REQUIRED ACTION.
In the entries below, begin at the line with "Kyosho 1:64 Scale" and stop after the line with "PPZ-MAIWP terima bayaran"; output those lines exactly and omit the pictures.

SUPPLIED RECORDS.
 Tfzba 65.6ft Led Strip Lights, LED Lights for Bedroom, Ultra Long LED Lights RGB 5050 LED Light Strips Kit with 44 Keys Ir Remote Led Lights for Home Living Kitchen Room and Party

==

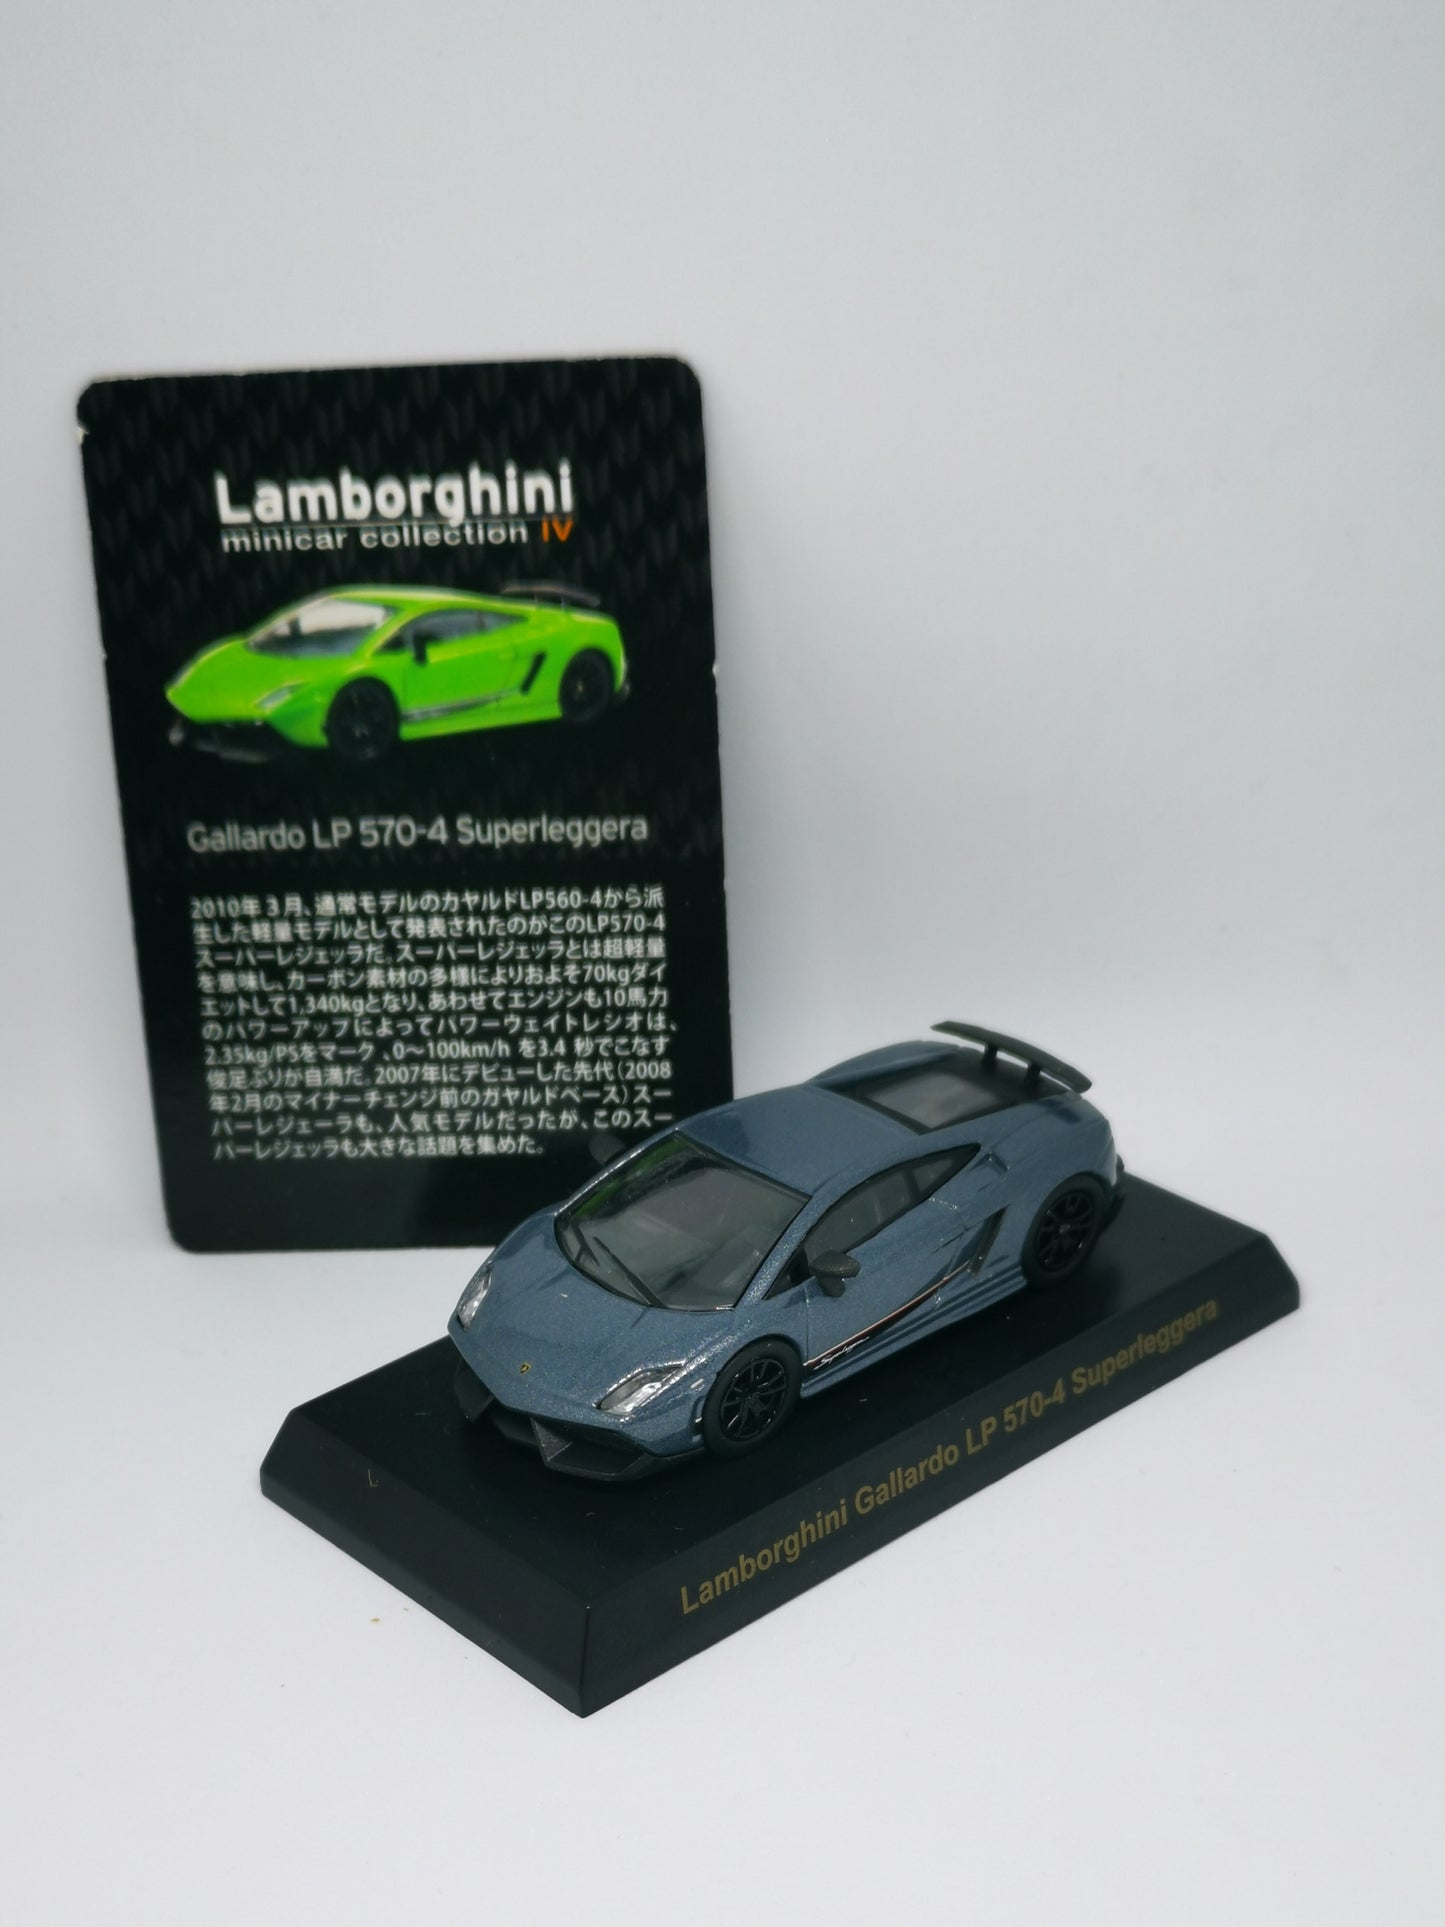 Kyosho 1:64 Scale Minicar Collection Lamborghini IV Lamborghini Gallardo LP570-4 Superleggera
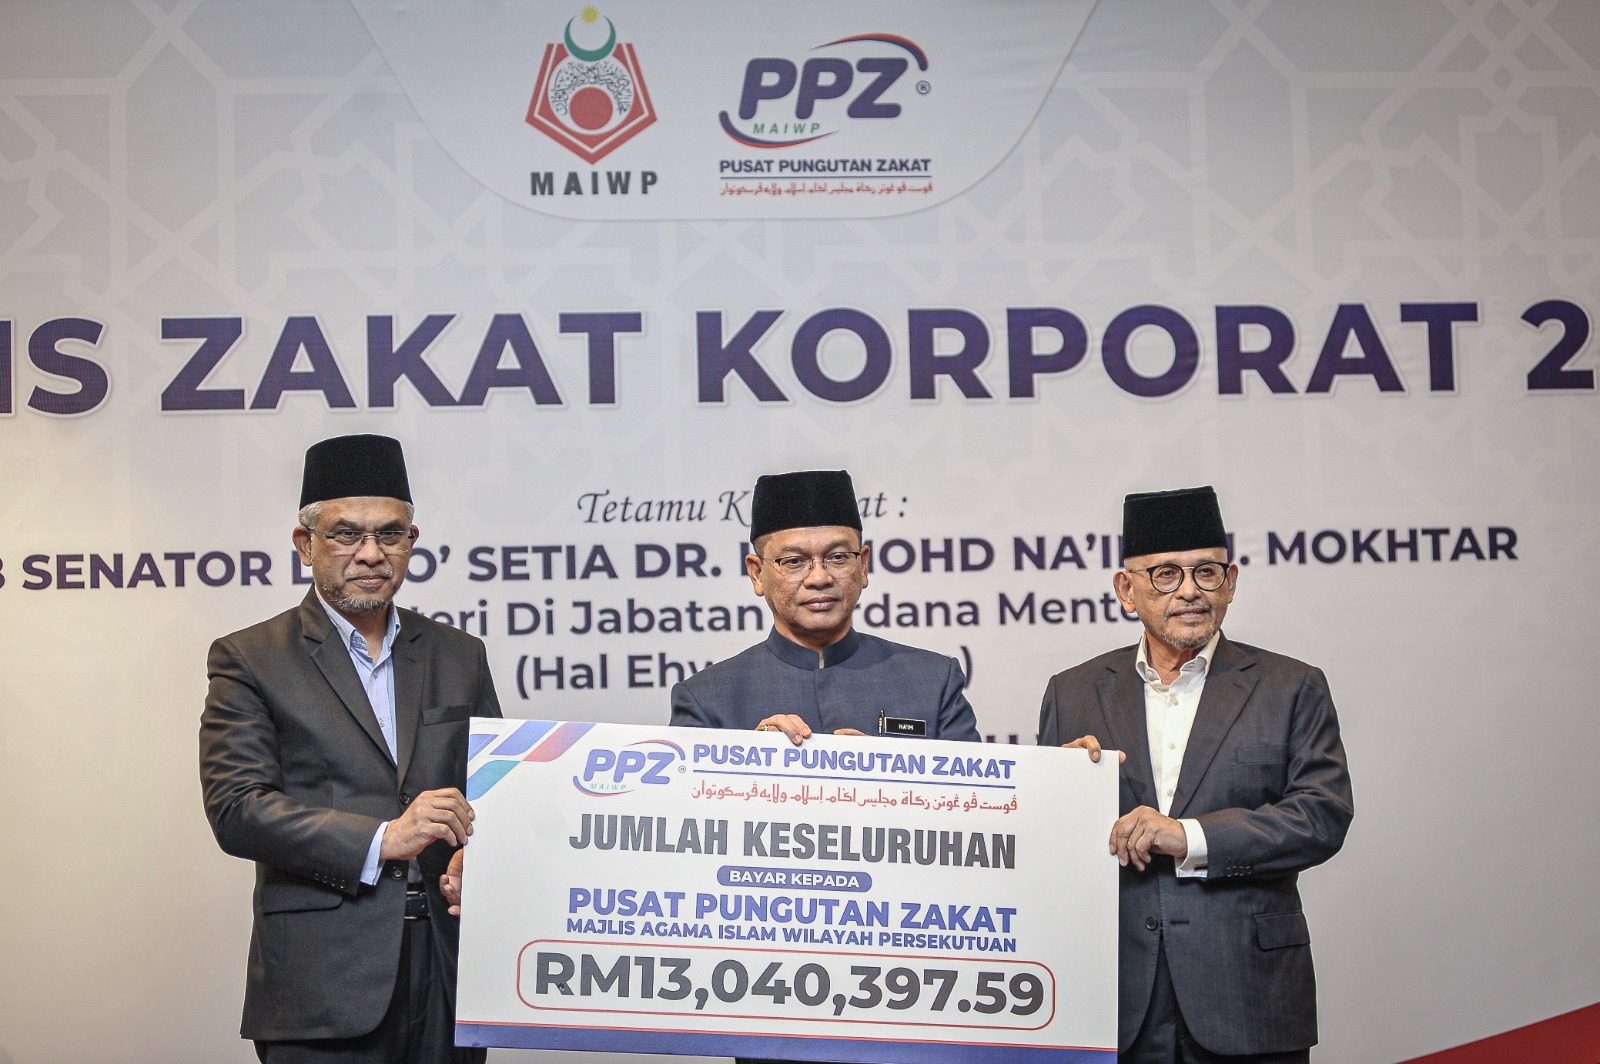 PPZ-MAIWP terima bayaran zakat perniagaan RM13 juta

---

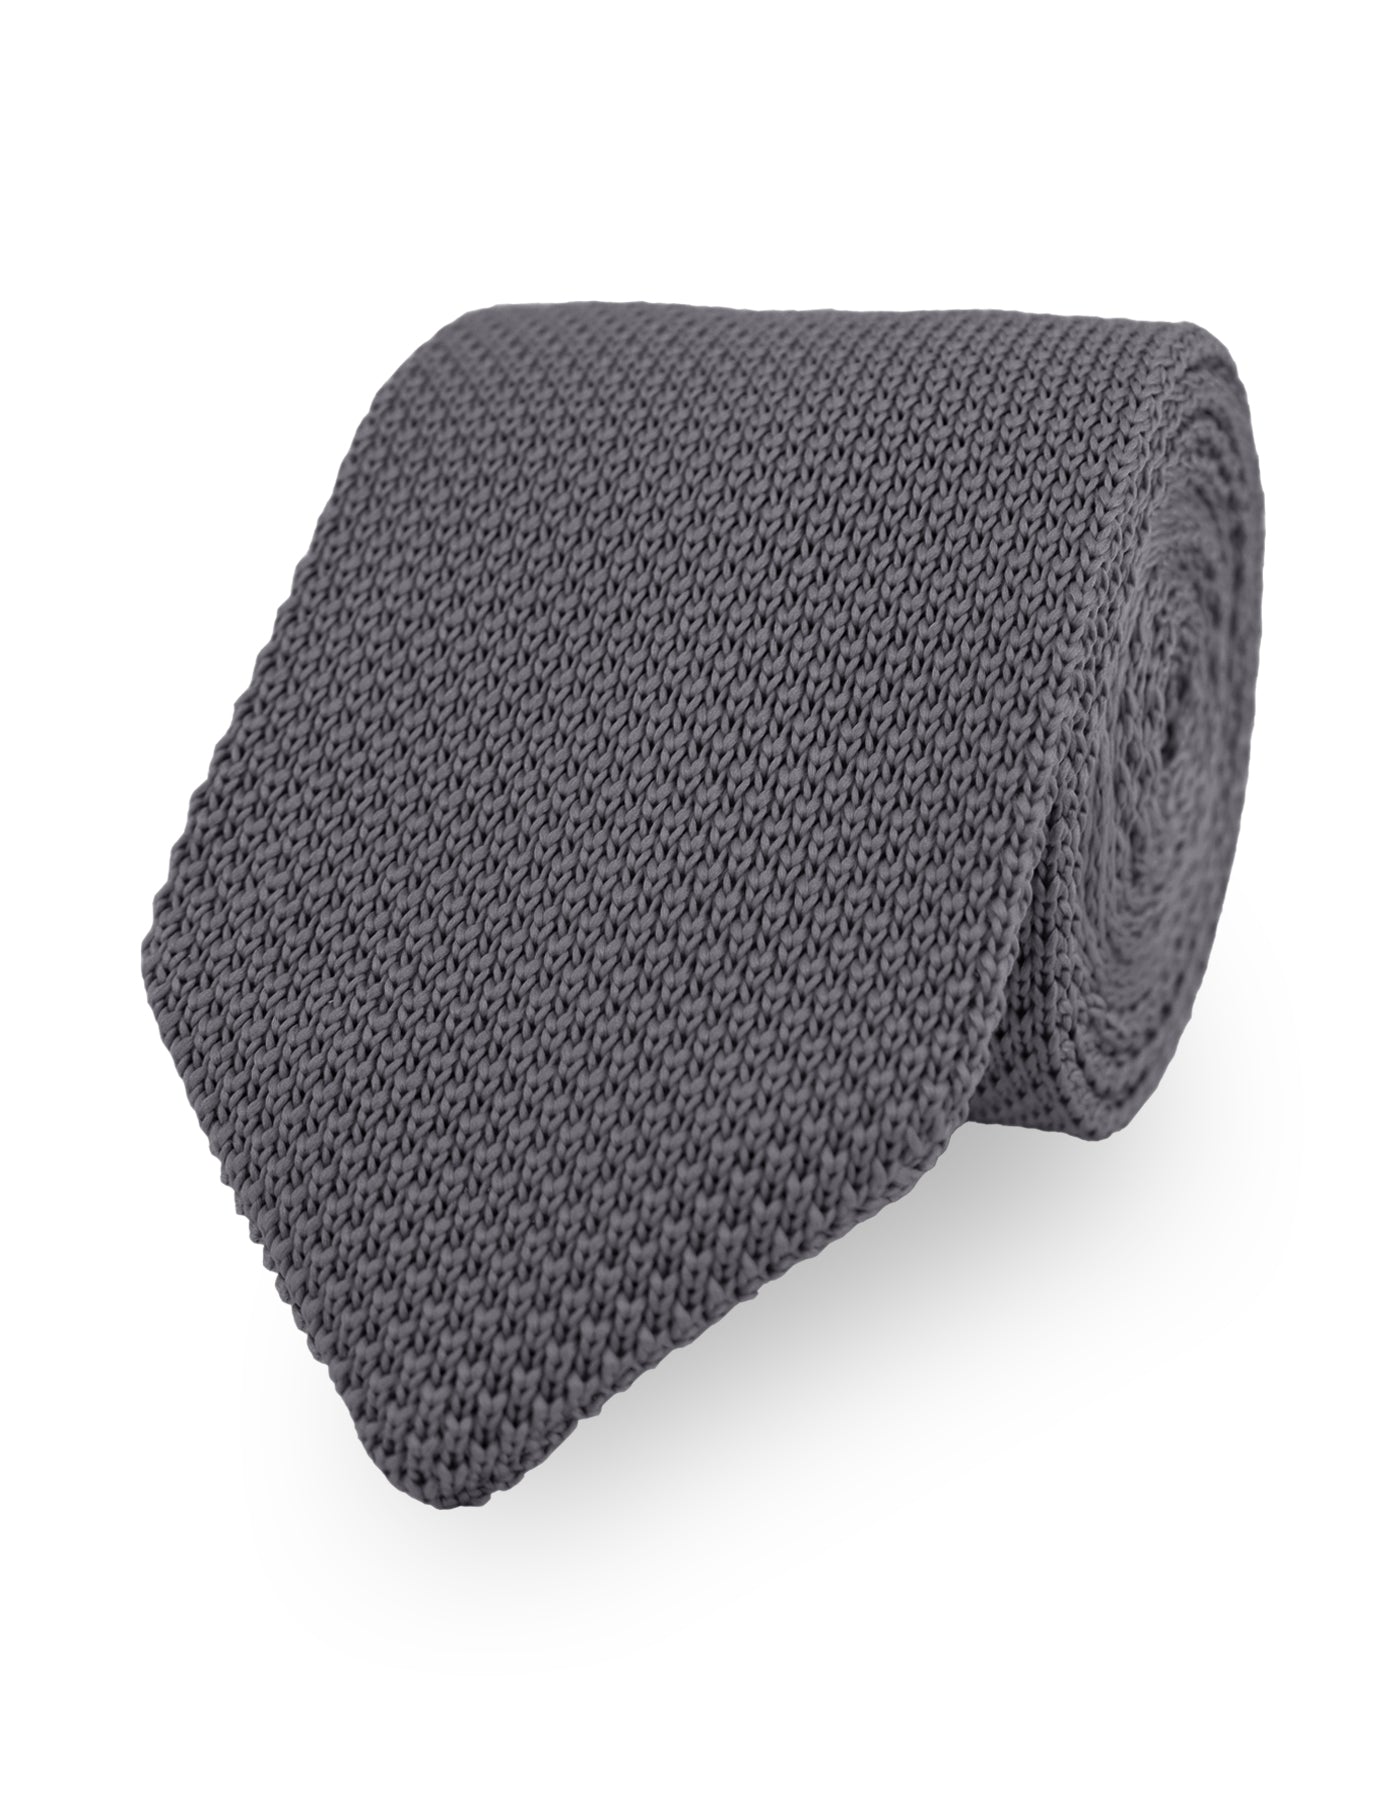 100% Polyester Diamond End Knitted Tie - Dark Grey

ANSWER BOX.
 Kyosho 1:64 Scale Minicar Collection Lamborghini IV Lamborghini Gallardo LP570-4 Superleggera
 PPZ-MAIWP terima bayaran zakat perniagaan RM13 juta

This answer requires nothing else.